RAG solves this by fetching relevant data before meaningful generation.
The Architecture
graph TD
User[User Question] --> App[RAG Application]
subgraph Ingestion [1. Ingestion Phase]
Docs[PDF/Wiki] --> Chunk[HTML/Text Splitter]
Chunk --> Emb[Embedding Model]
Emb --> VecDB[(Vector Database)]
end
subgraph Retrieval [2. Retrieval Phase]
App -->|Embed Query| Emb
Emb -->|Vector| VecDB
VecDB -->|Top K Chunks| App
end
subgraph Generation [3. Generation Phase]
App -->|Context + Query| LLM[LLM (GPT-4)]
LLM -->|Answer| User
end
1. Ingestion (Offline)
- Load: Read PDFs, Slack history, Notion.

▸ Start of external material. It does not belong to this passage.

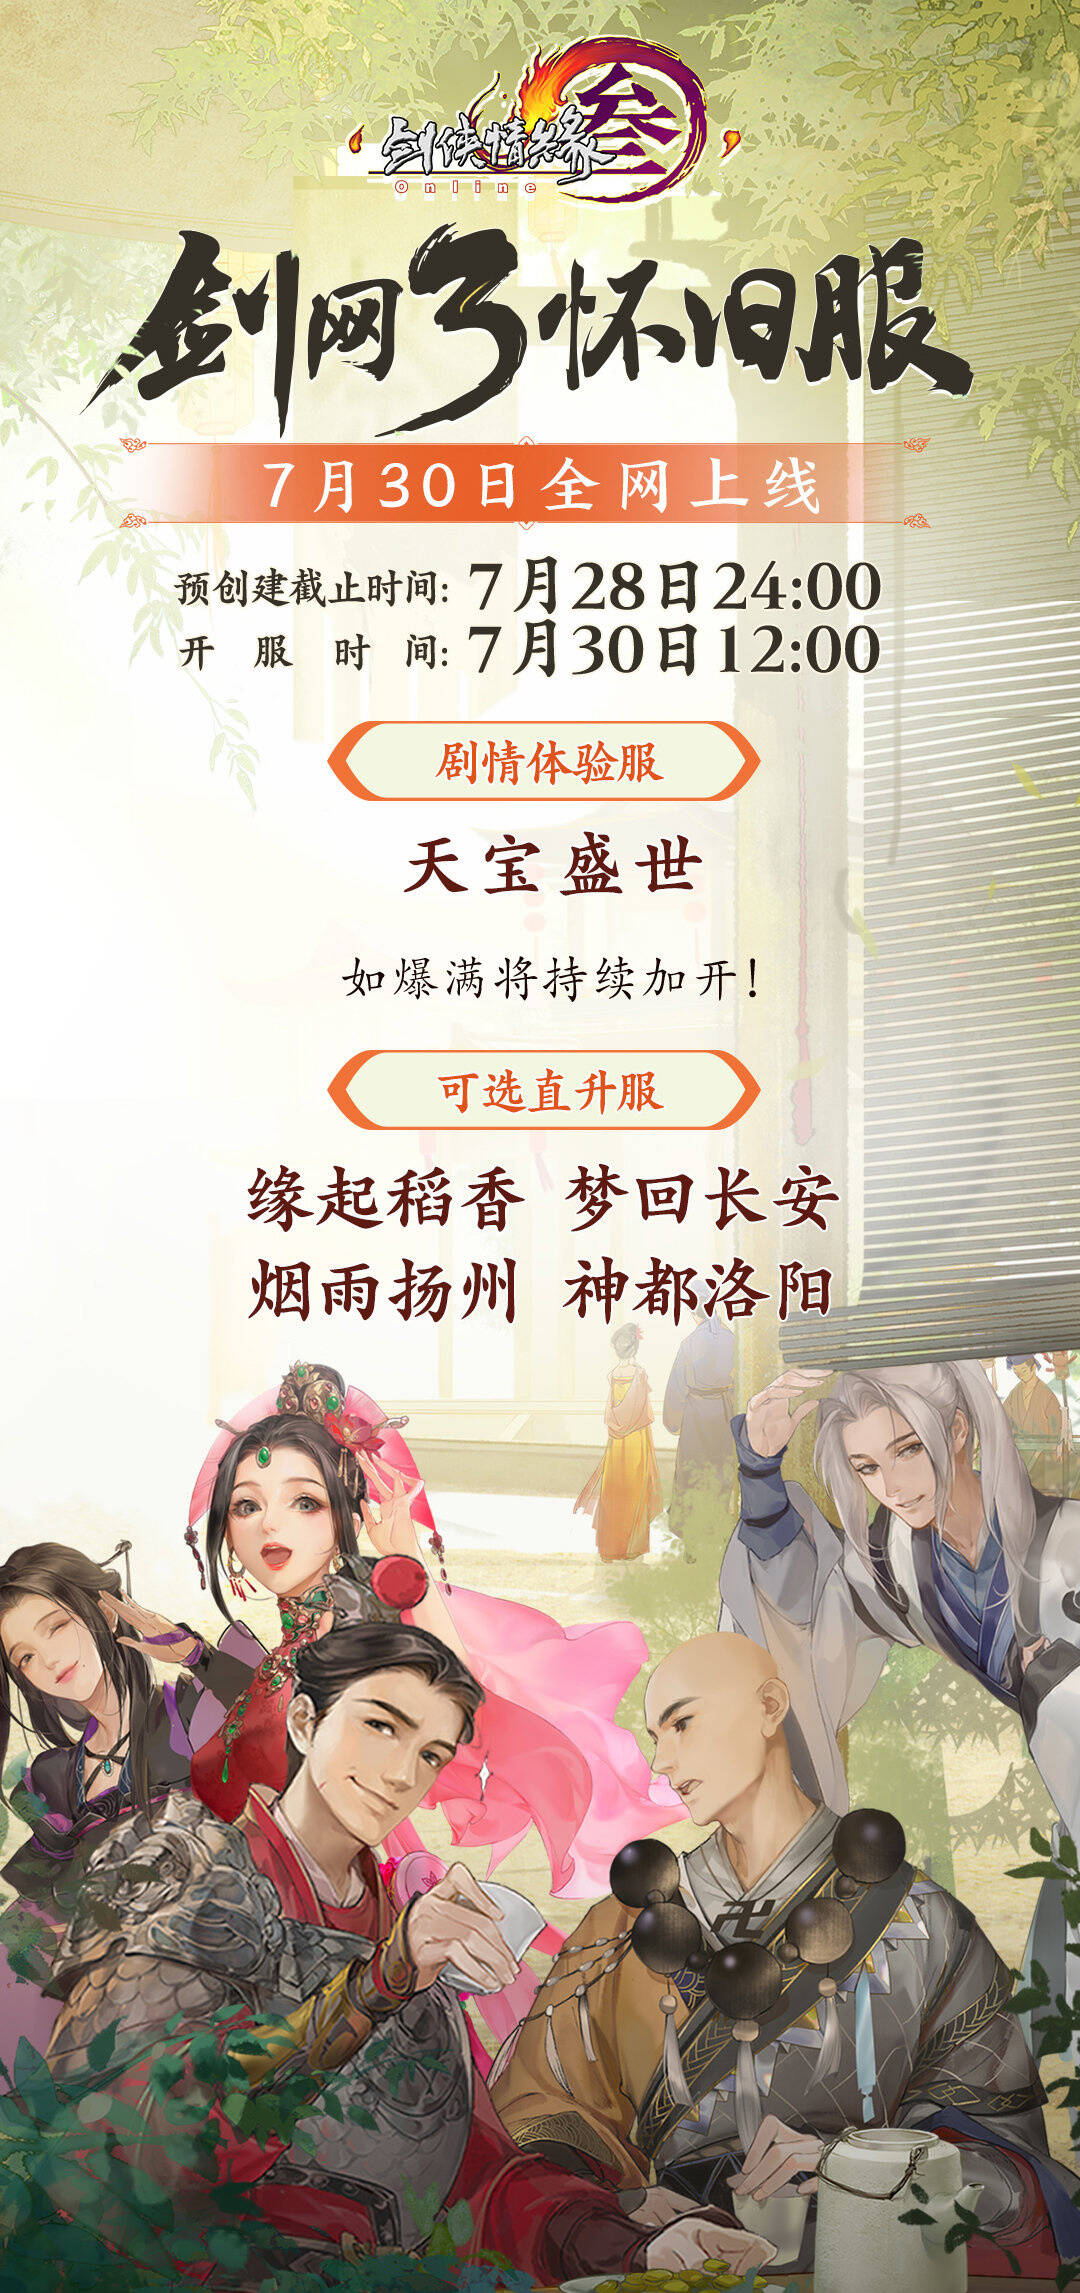 天龙sf《剑网3怀旧服》将于7月30日不删档全网上线

- Split: Break text into chunks (e.g., 500 tokens).
- Embed: Convert text to vectors using an Embedding Model (OpenAI
text-embedding-3). - Store: Save vectors + text in a Vector DB (Pinecone, Milvus, pgvector).
2. Retrieval (Online)
- User asks: "What is the vacation policy?"
- Convert question to vector:
[0.1, 0.5, -0.9...] - Perform Semantic Search (Cosine Similarity) in Vector DB.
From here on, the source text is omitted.